Celgene prioritized certain Acetylon assets that fit strategically into Celgene’s portfolio. The spinout is an opportunity for Acetylon management and shareholders to advance the balance of Acetylon’s compelling clinical and preclinical programs.
Regenacy’s mission will be to selectively regenerate intracellular transport and upregulate gene expression to modify the course of disease and enhance therapeutic outcomes in a broad range of indications. The new company will focus on certain non-cancer indications for the HDAC6 inhibitor ricolinostat in peripheral neuropathy where axonal transport mechanisms critical to the functioning of the longest neuronal cells in the body are damaged, as well as more broadly on selective inhibition of HDACs 1, 2 and/or 3 for the upregulation of fetal hemoglobin to treat sickle cell disease and beta-thalassemia, as well as other opportunities such as enhancing cognition. Celgene gains selective HDAC6 inhibitor assets which address Phase 2-proven opportunities in cancer in addition to neurodegeneration and autoimmune disease.

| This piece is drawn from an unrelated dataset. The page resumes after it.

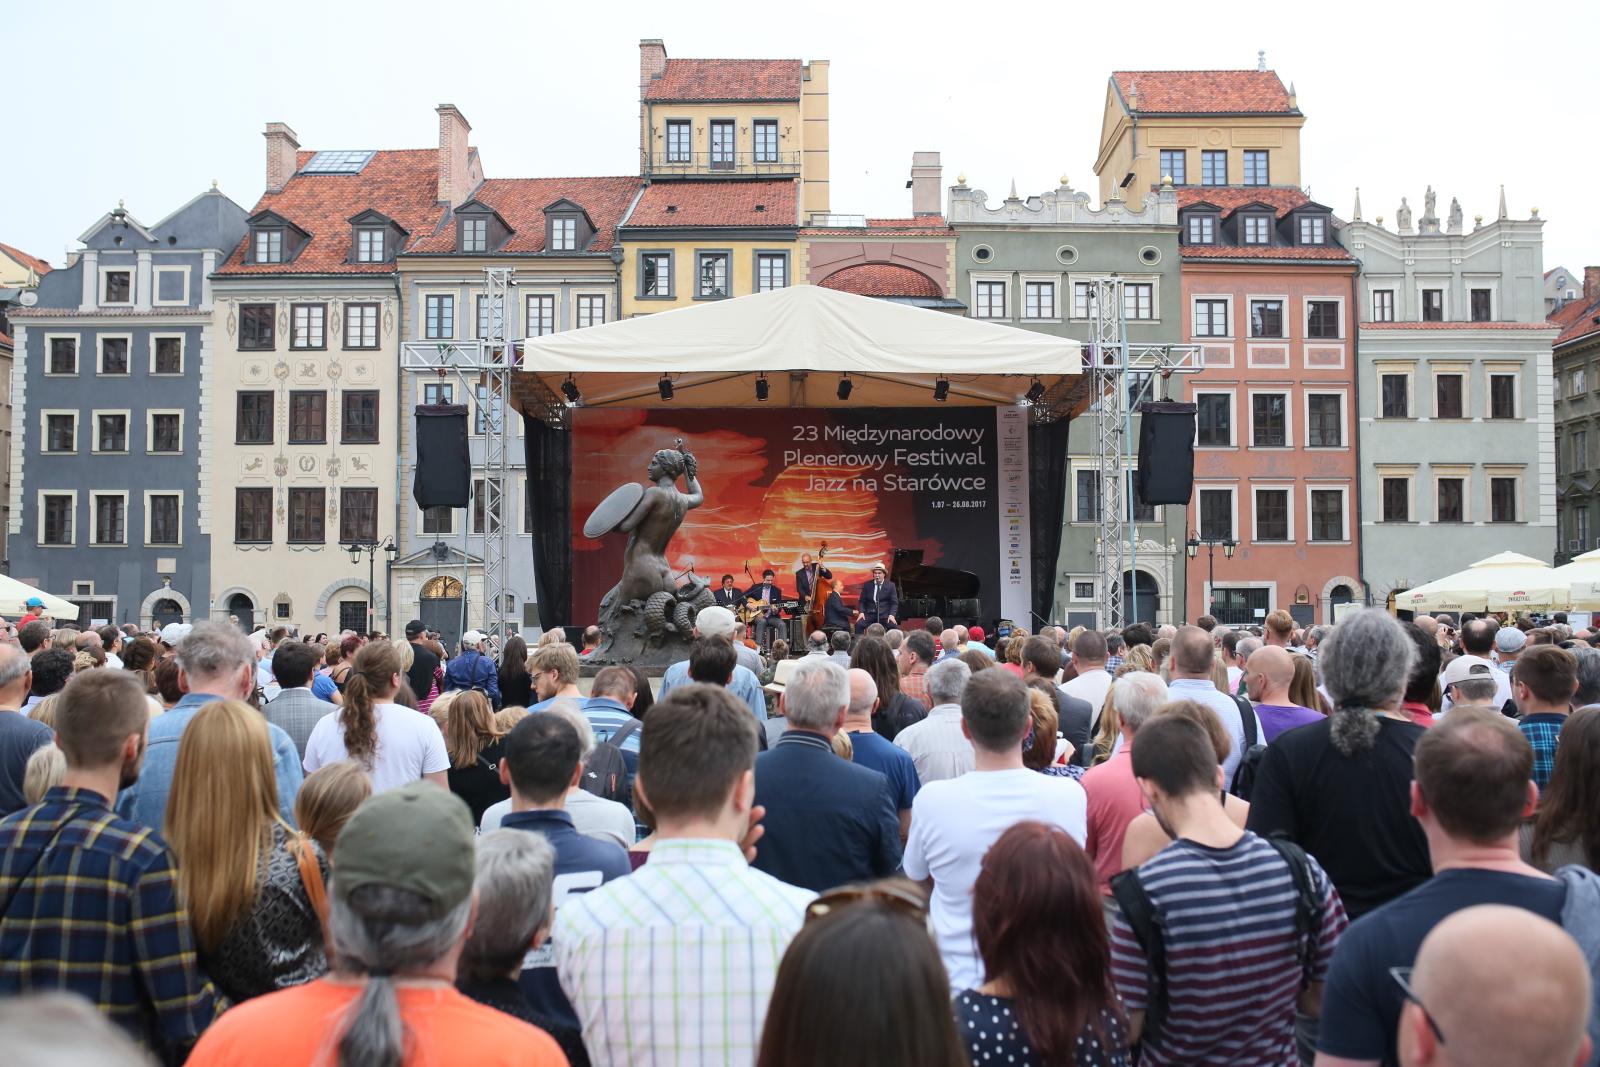 Koncert amerykańskiego gitarzysty Johna Pizzarelliego podczas koncertu w ramach 23. Międzynarodowego Plenerowego Festiwalu Jazz Na Starówce.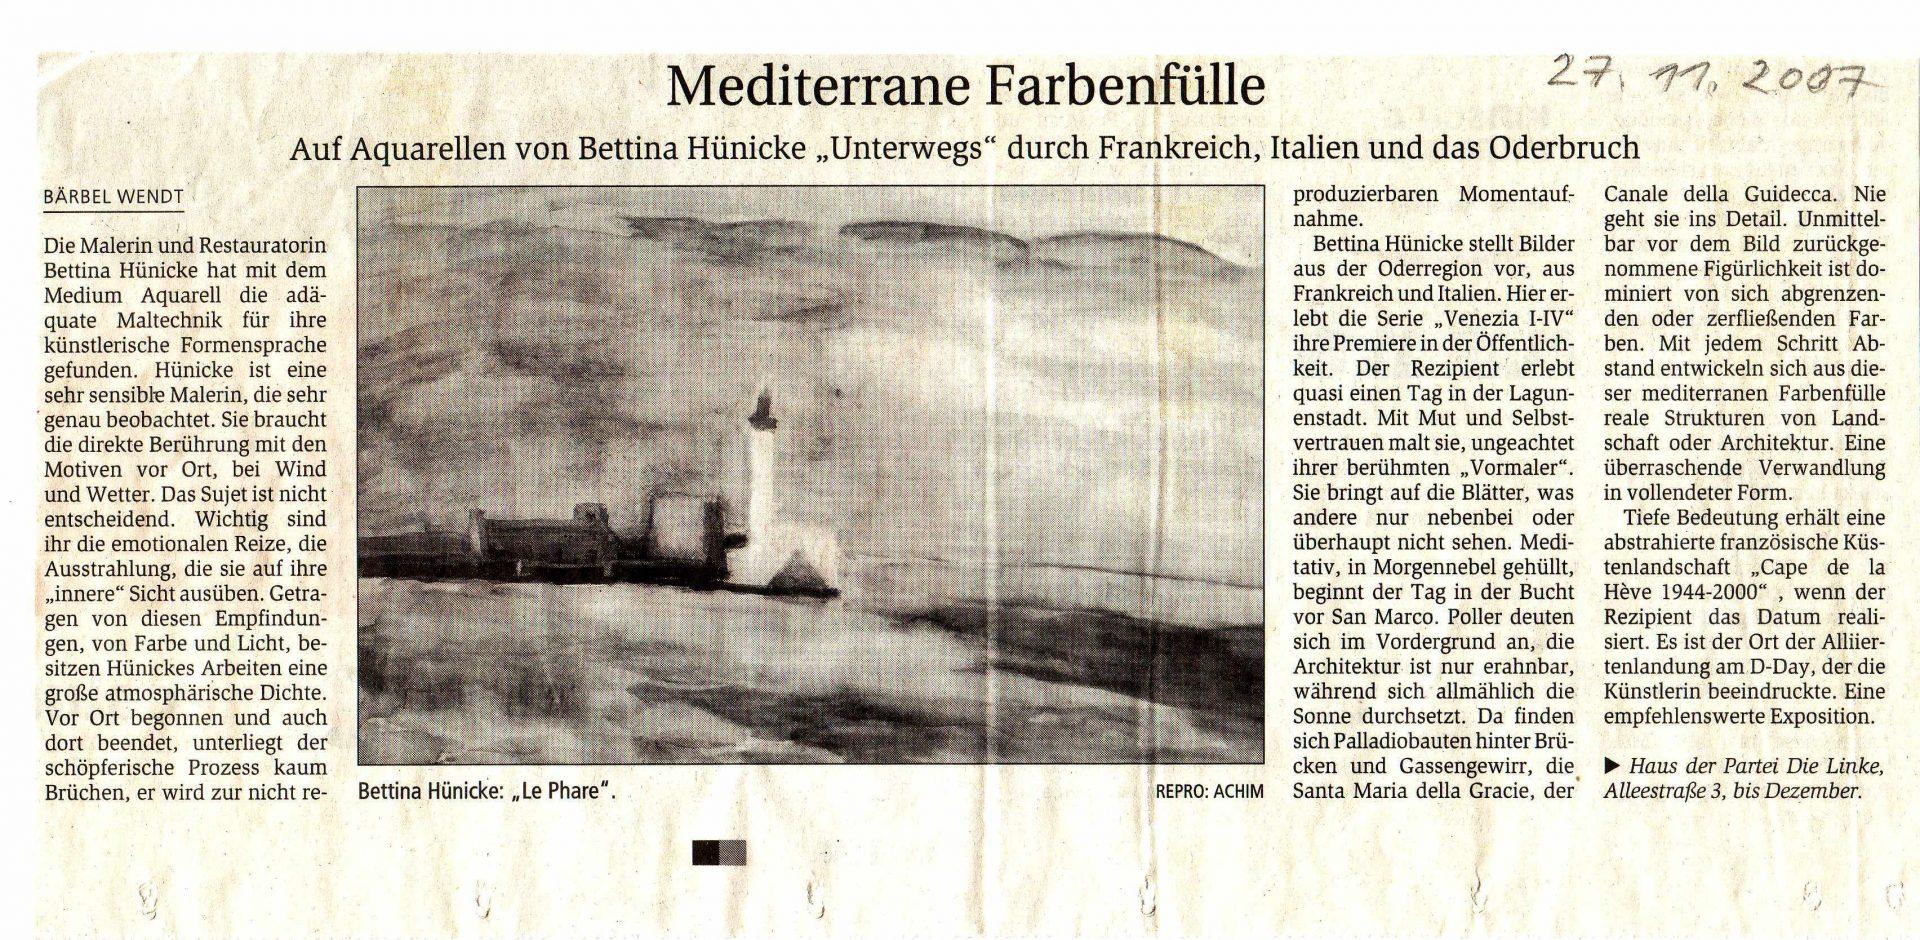 November 2007: Meditterane Farbenfülle MAZ 27.11.2007, Rezension von Bärbel Wendt

The current worldwide commercial market for pharmaceuticals indicated for the treatment of multiple myeloma is more than $10 billion, benefitting more than 200,000 patients per year worldwide. The median survival of patients post-diagnosis of disease has improved from less than one year in the 1970s to nearly 10 years, although the disease is still considered incurable.
Newer proprietary drugs Revlimid (Celgene), Pomalyst (Celgene), Darzalex (Johnson & Johnson), Kyprolis (Amgen), Velcade (Takeda), and Ninlaro (Takeda) are being increasingly utilized around the globe to realize optimal patient outcomes. The commercial potential for Acetylon’s drug candidates remains to be established, although their performance in Phase 1 and Phase 2 clinical trials in advanced multiple myeloma in combination with Celgene’s Revlimid or Pomalyst and with Takeda’s Velcade is quite promising, including their combination activity against myeloma and their favorable tolerability.